/ Melissa Shriver
By Melissa Shriver
Thursday, April 24, 2008 at 6:08 p.m.
Read more: Local, State, National, Crime, Politics, Community
Sex offenders laws, such as restrictions on where they can and cannot live and how often they have to register with police, are designed to keep your community safe.
We talked with a mother of a registered sex offender who says her son faces a life-long stigma. She believes it's unfair that Missouri's sex offender laws put all sex offenders into one category, no matter the circumstances or severity of their crimes.
Janice Holliday's son is dealing with the life-long consequences of a crime *many* teenagers commit. As a teenager, he slept with a girl he says lied about her age. He'll be a registered sex offender for the rest of his life.

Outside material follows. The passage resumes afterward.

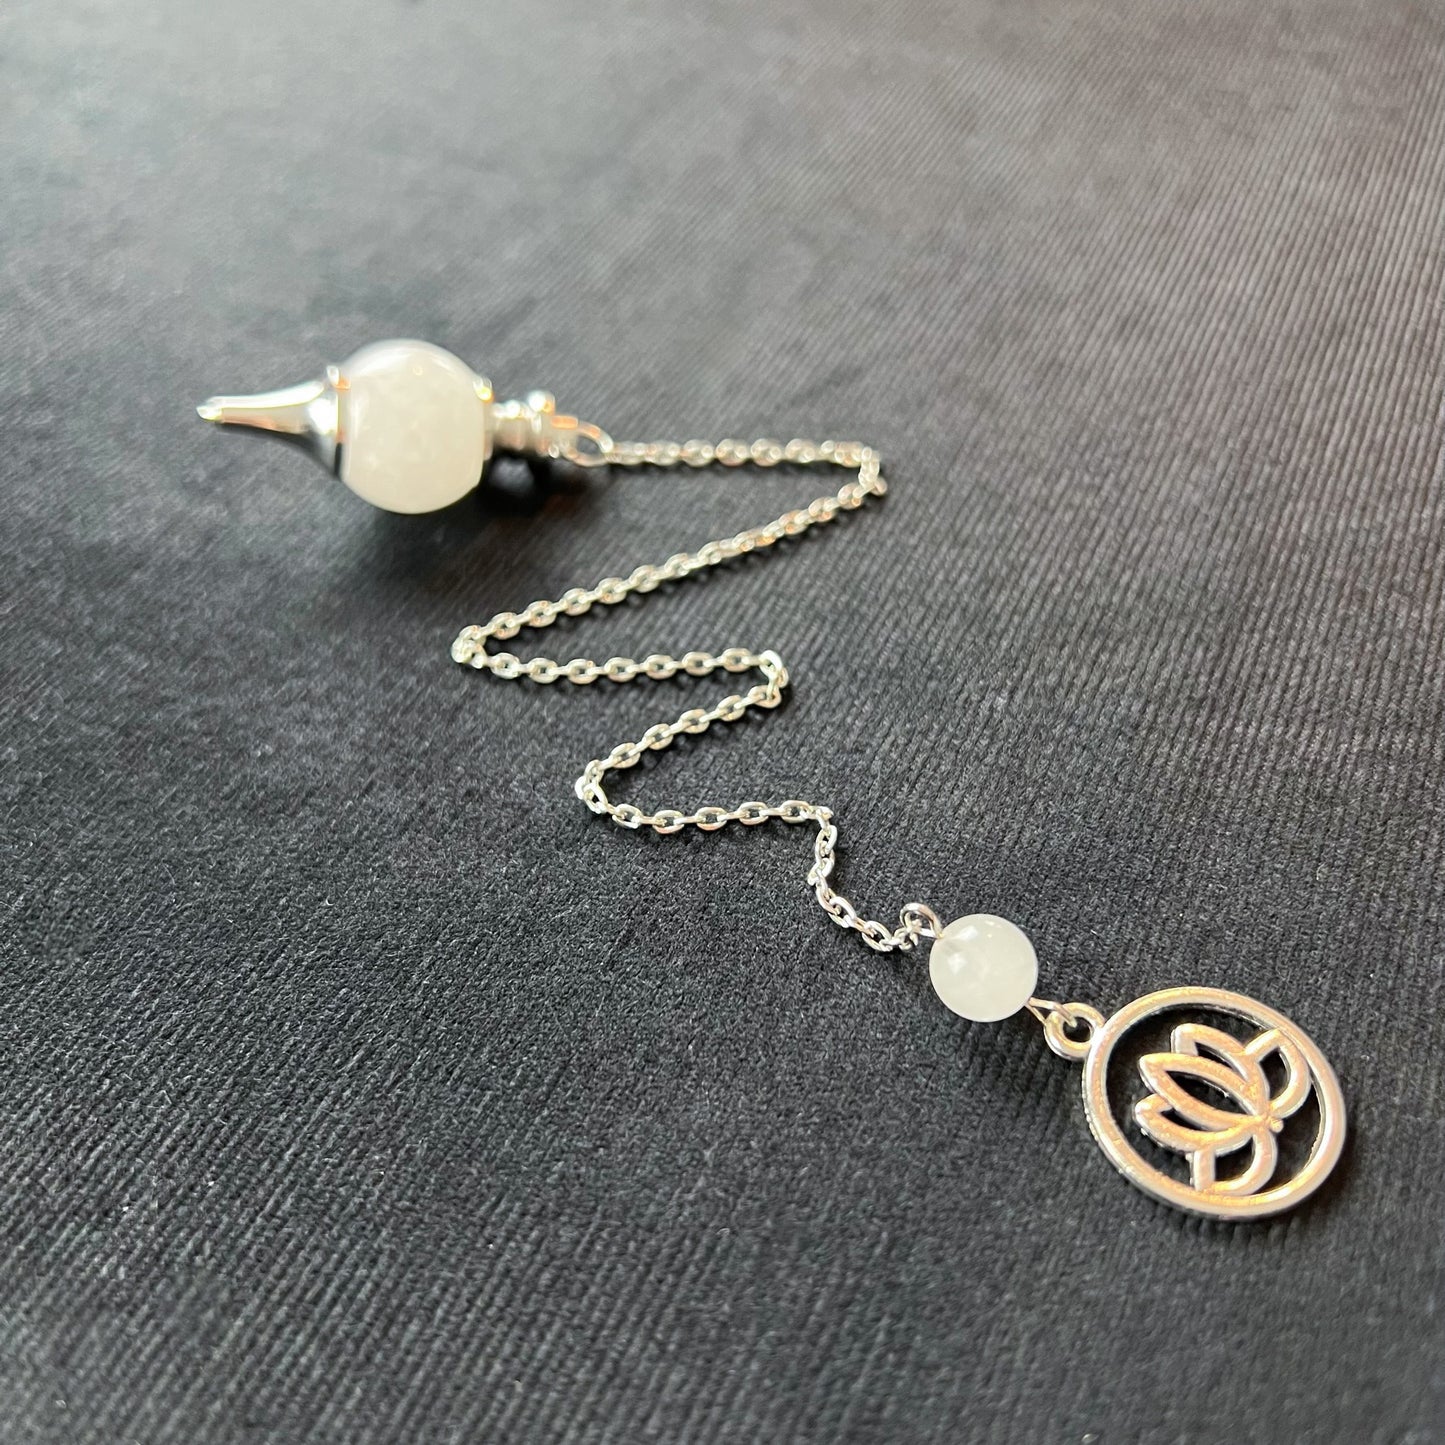 Clear quartz and lotus Sephoroton dowsing pendulum - The French Witch shop

Holliday said, "I just don't want it to happen to someone else's child. My son is a good kid. I just don't want to see another mother go through the devastation I had to go through because it's a nightmare."
Even more of a nightmare to Holliday, her son is grouped with child predators like Michael Devlin, the Kirkwood, Missouri man who kidnapped and molested two young boys.

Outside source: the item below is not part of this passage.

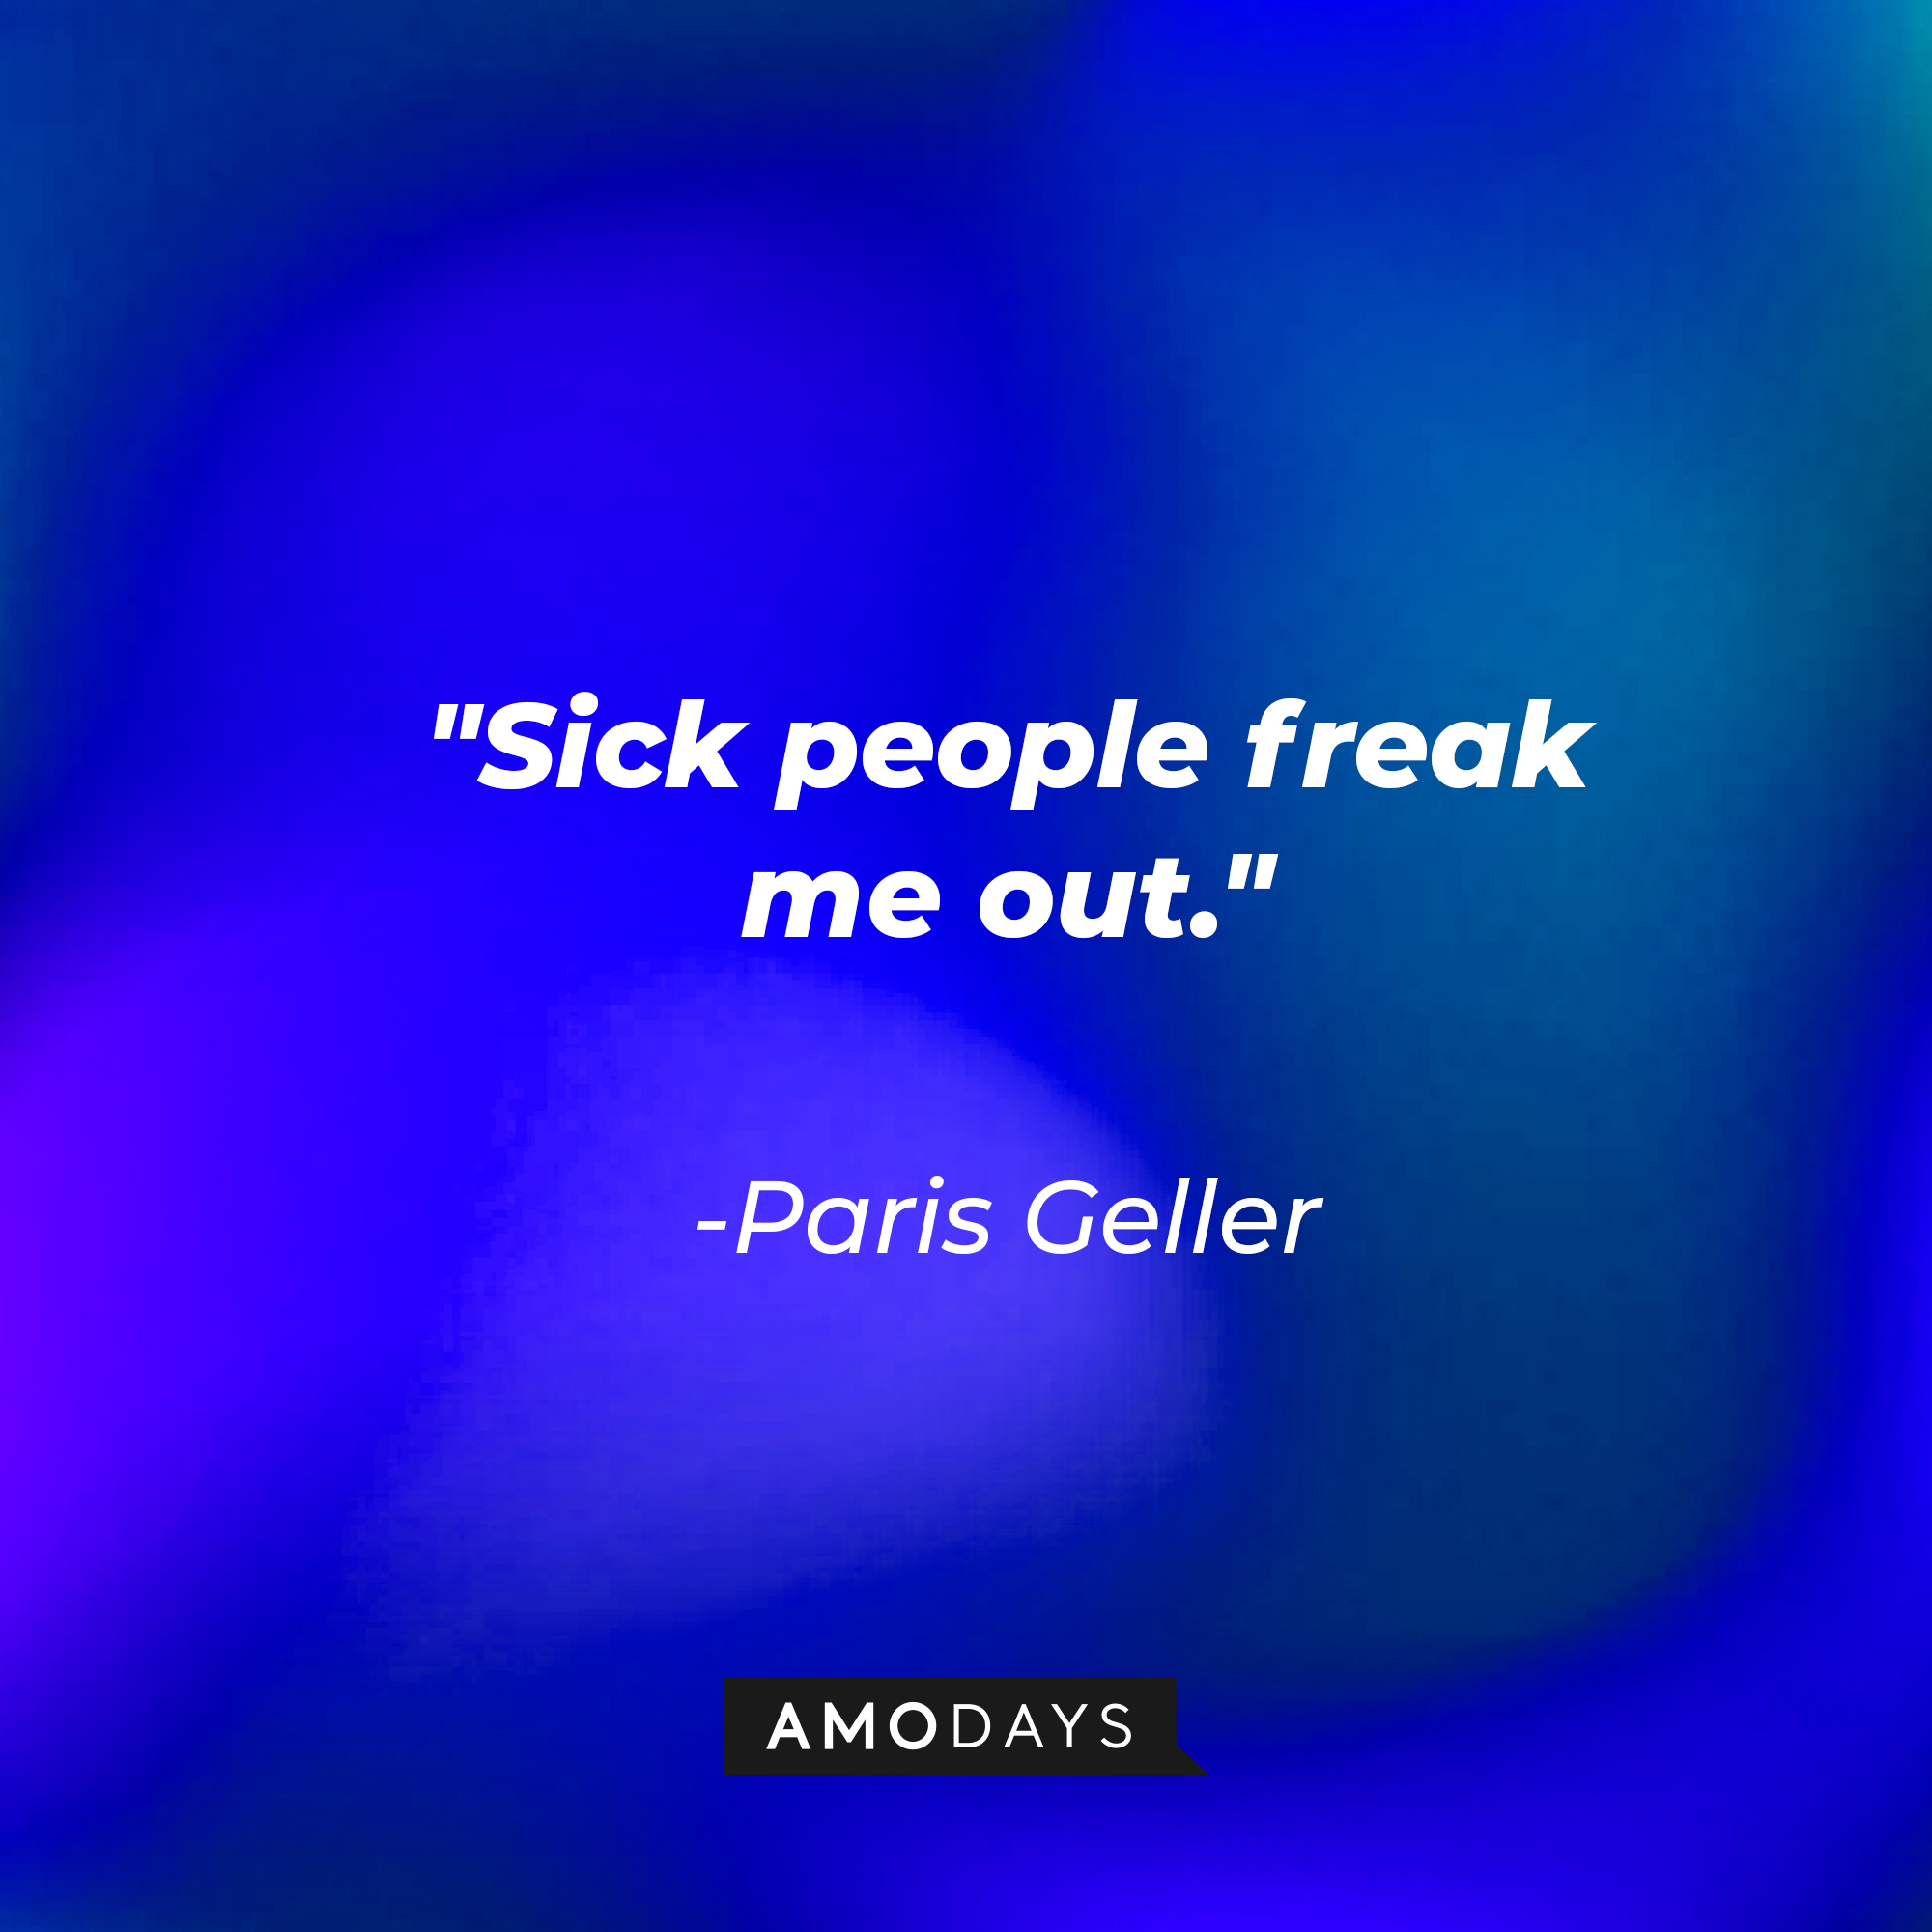 Paris Geller’s quote: “Sick people freak me out.” | Source: AmoDays

Holliday said, "True enough, he slept with someone underage, but he shouldn't be in a class with people who rape babies."
Watching her son go through this is prompting Holliday to speak out. She wants lawmakers change the laws to provide for a classing system so teenagers like her son won't have be grouped with all sex predators.
KHQA checked with many legislators in the Missouri General Assembly to find out what they're doing to develop a classification system for offenders. We found out the state's efforts are on hold pending the federal government passing a national classification system. We also contacted Missouri's lawmakers in Washington, DC and the nation's judicial committees to find out if that national classification is in the works. According to everyone I checked with, there are no plans ight now to develop a classification system to help offenders like Holliday's son.
There is one state exception which may help him, though. According to Missouri law, a person under age 19 guilty of a sexual offense with a victim age 13 or older can petition the court to have his name removed from sex offender registry after two years.
But until those two years are up...Holliday's son is in limbo...waiting for the chance to move on with his life.